Она почувствовала себя лучше. Тиллмен в парижском досье Фуше был отмечен как ненадежный, бесполезный шпион. При необходимости любой французский агент мог назвать его имя.
– Ваш месье Тиллмен – худший тип предателя. Он работает только за деньга. Он продает нам британские секреты, затем продает французские секреты Романовым и секреты всех – Габсбургам. Он предает всех хозяев. Я не могу дать вам никаких доказательств. У меня в голове только имя.
– Доказательства я получу. Теперь, когда у меня есть имя, будут и доказательства.
Грей обнял ее. Не прикосновение любовника, а дружеская поддержка товарища перед боем. Все это время он смотрел в окно, проверяя каждый угол, словно это действительно поездка на поле битвы.
Гальба тоже изучал улицу.
– Нас пока не преследуют. Роберт, твое мнение, осмелится ли Камминге бросить мне прямой вызов? С ним были двенадцать человек в форме. Он политик весьма осторожный, но сейчас хорошо владеет ситуацией. Попытается ли он взять ее силой? Мы готовы к любым возможностям, кроме этой.
Они проехали еще одну улицу. Грею хватило времени подумать.
– Он собирался. Иначе бы не взял с собой целый отряд морских пехотинцев. Но потом изменил свое мнение, когда Анник бросила ему маленькую гранату. Он не может рисковать, ставя на плохого игрока. Кроме того, он боится, что я пристрелю его.
– Ты можешь?
Грей не потрудился ответить.
Вскоре они подъехали к церкви, старой, маленькой, стиснутой домами, с названием «Сент-Одран» на воротах.
– Мы действительно собираемся в церковь?
Они так говорили, но Анник не приняла это всерьез.
– Соприкосновение с учрежденной религией не оставляет внешних шрамов, – ответил Гальба, беря шляпу.
Она пошла между двумя вооруженными до зубов мужчинами к дверям церкви и почти сразу увидела Эйдриана. Он был в задних рядах и выглядел уличным котом, приглашенным на чай.

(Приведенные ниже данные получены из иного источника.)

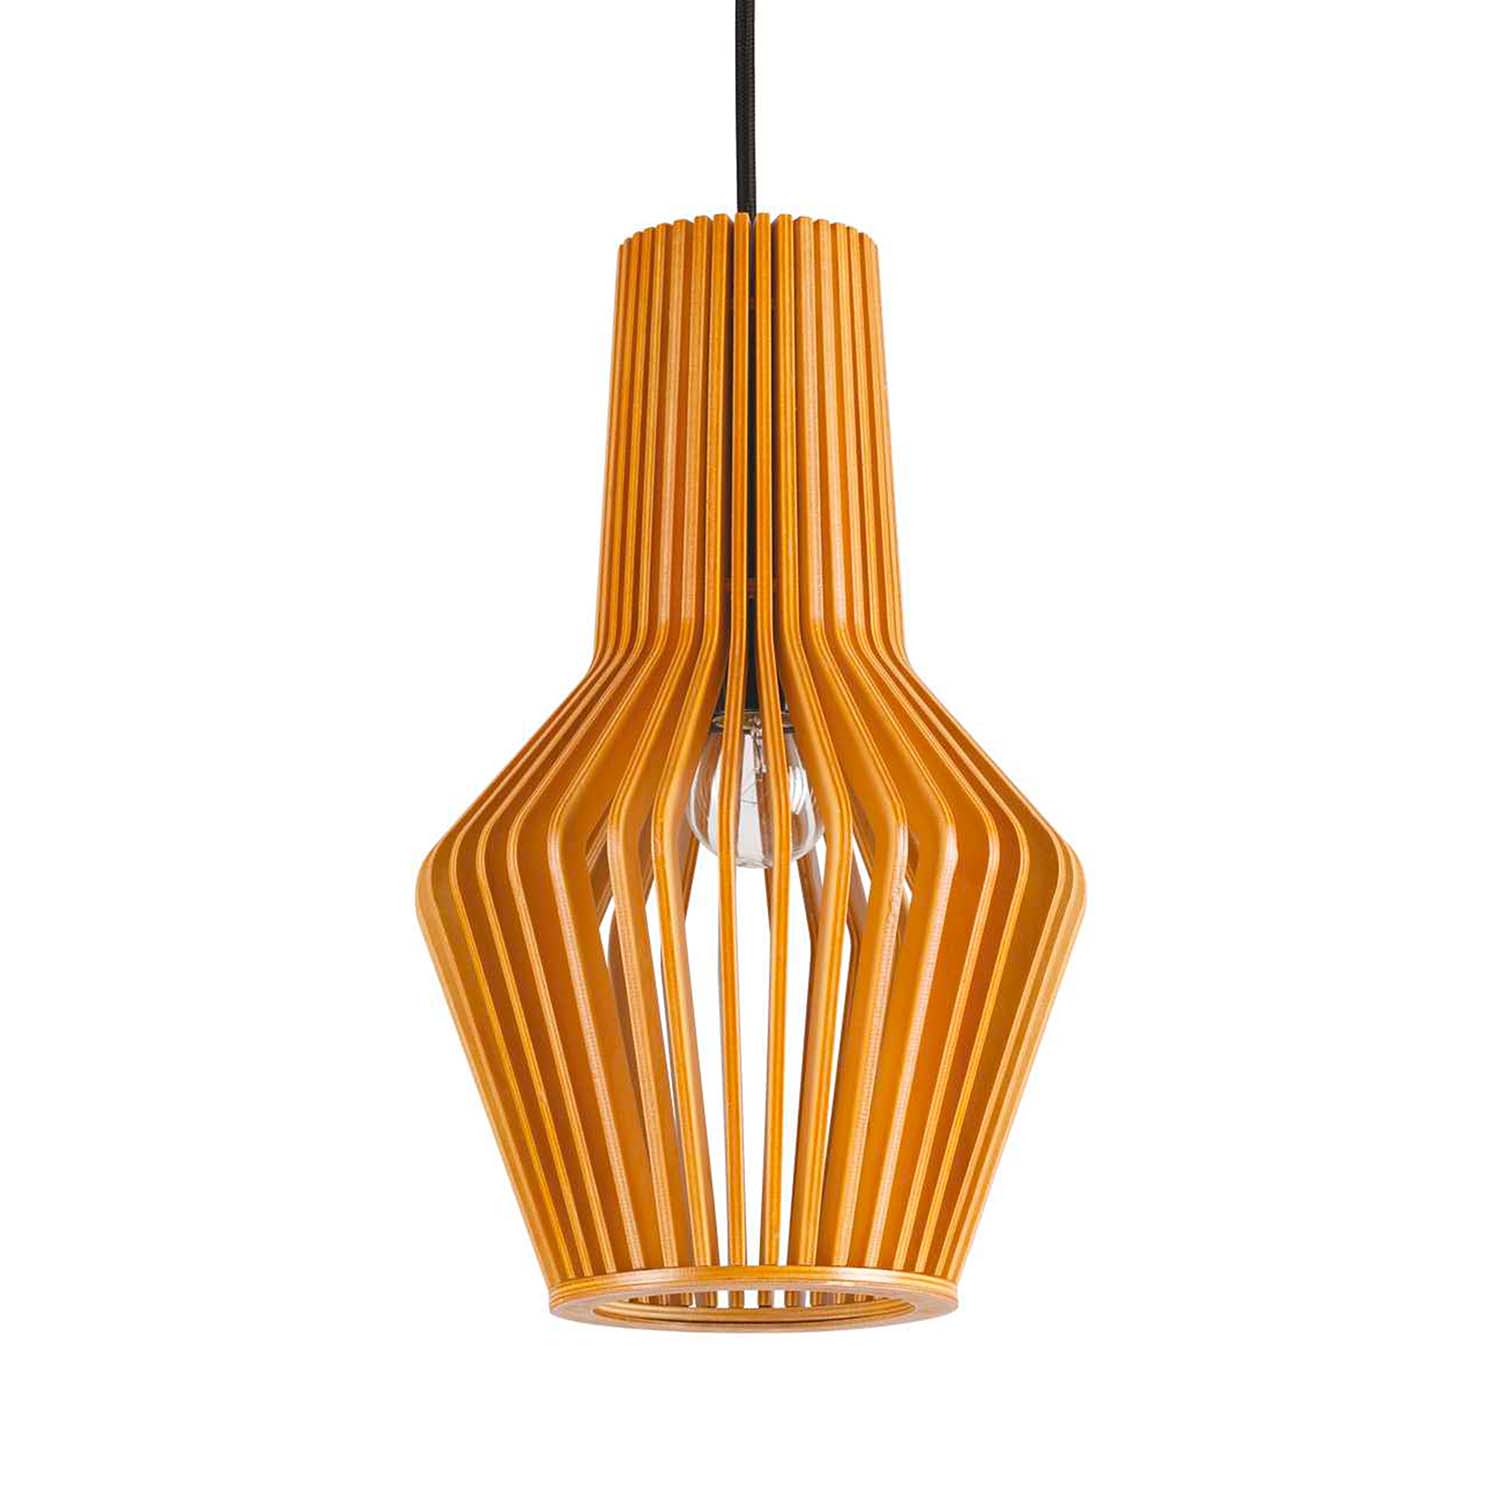 CITRUS - Pendant light in designer wooden slats

– Вы убьете меня своими загадками, – прошептала она Грею.
– Выгляди благоговейной, – посоветовал он.
После чего оставил ее рядом с Гальба и куда-то ушел. Но Анник спиной чувствовала его бдительный взгляд.

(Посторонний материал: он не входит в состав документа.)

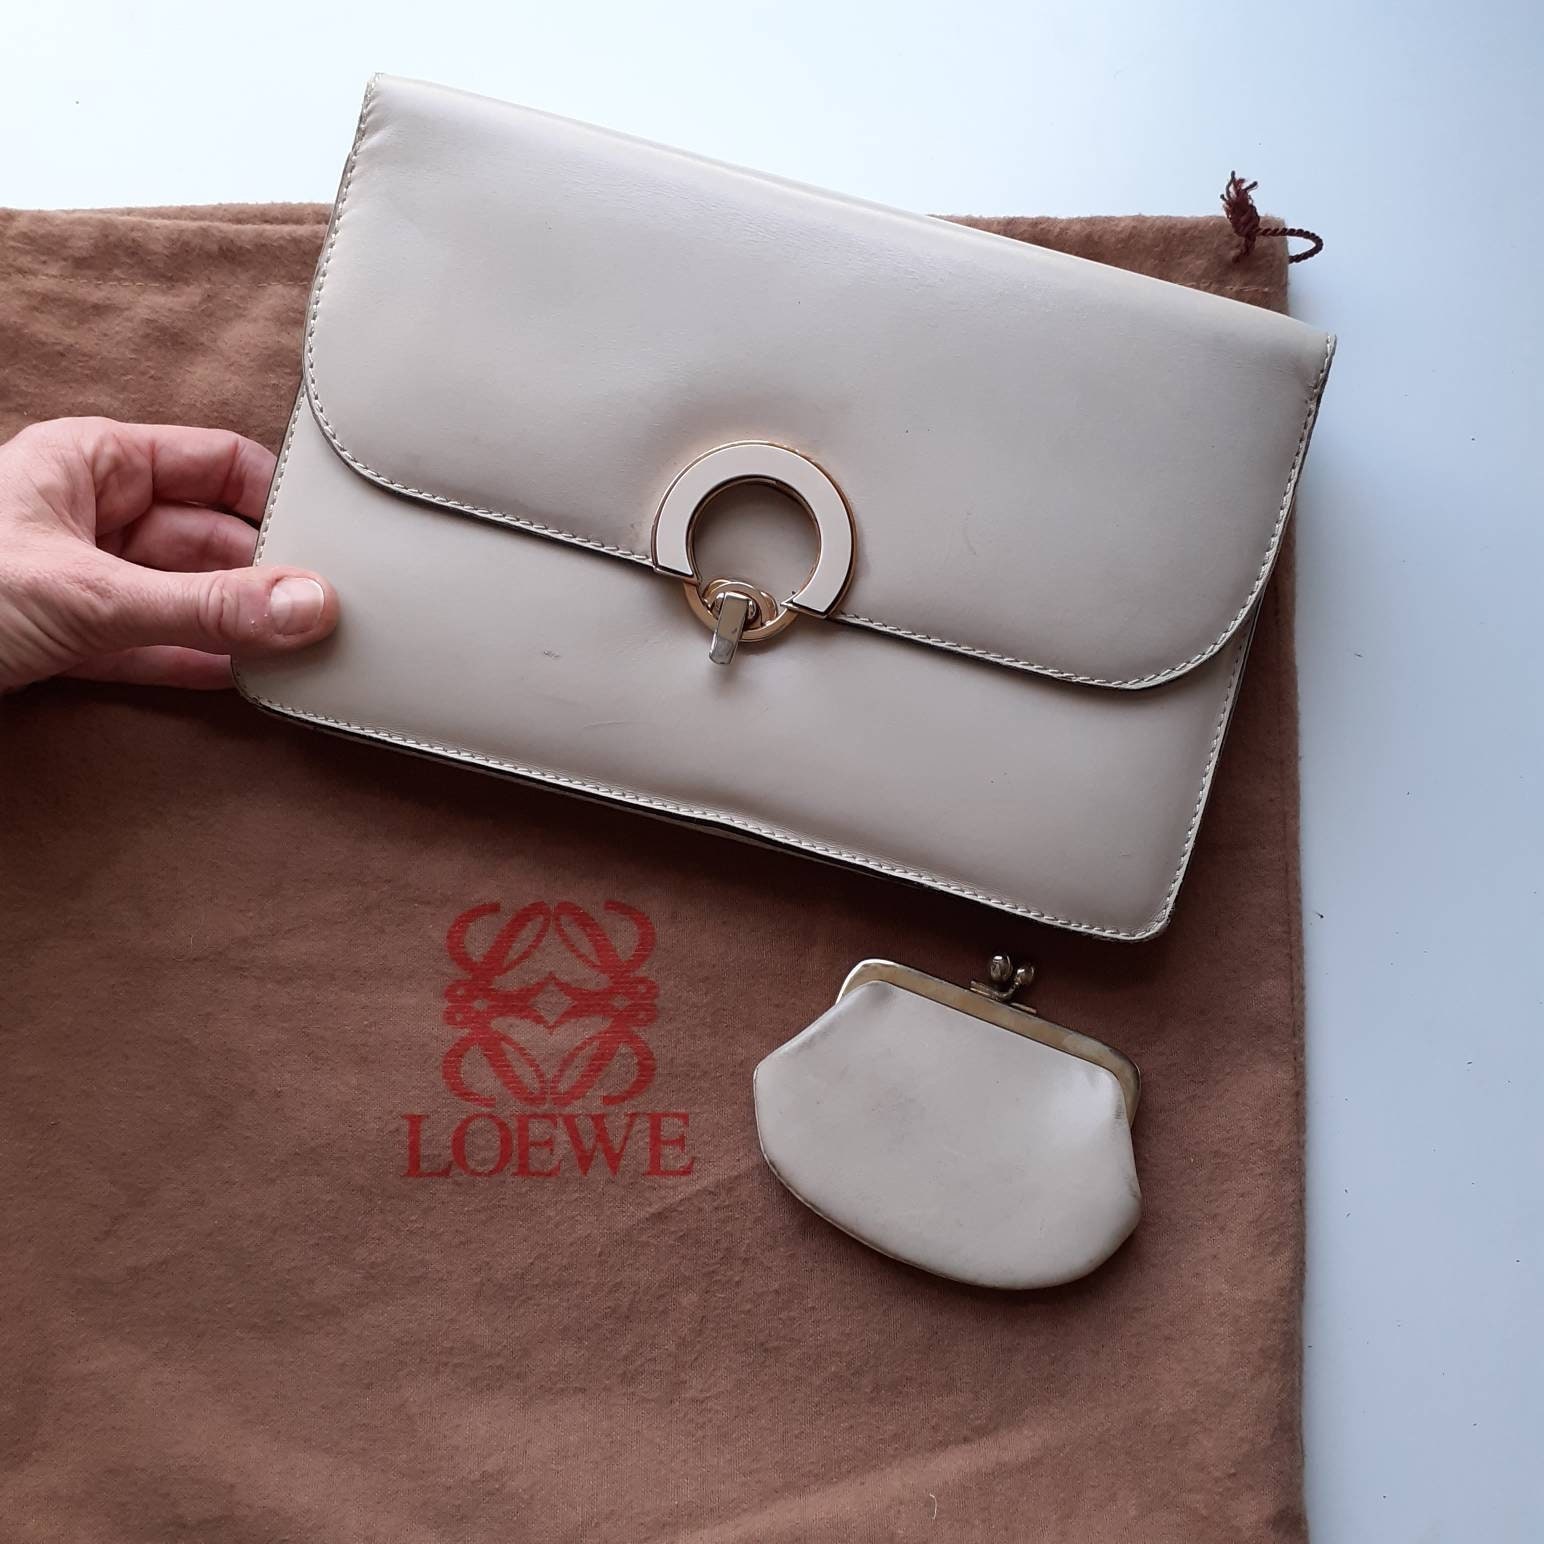 Cinturones de lujo para hombre · Accesorios en piel Loewe - LOEWE

Едва они вошли в церковь, Гальба превратился в успешного городского торговца, немного хитрого, как лиса, но своего человека в этом собрании мелких буржуа. Он стал гордым дедом, ведущим в церковь красивую молодую внучку.
Итак, она играла красивую молодую внучку и держала английский молитвенник, который он протянул ей. Поискав в своей памяти, Анник заключила, что впервые присутствует на церковной службе. Она, как все прихожане, вставала, садилась, преклоняла колени, пытаясь связать это с тем, что происходило за стенами церкви, и терялась в догадках.
Пока священник что-то долго говорил, Анник медленно листала молитвенник и запоминала текст. Никогда ведь не знаешь, что может пригодиться. Гальба невозмутимо высидел долгую непонятную службу, пока все не встали, не спели и не потянулись к выходу. Несколько минут спустя в маленькой церкви уже не было никого, кроме них.
Попрощавшись у двери с прихожанами, священник вернулся к ним.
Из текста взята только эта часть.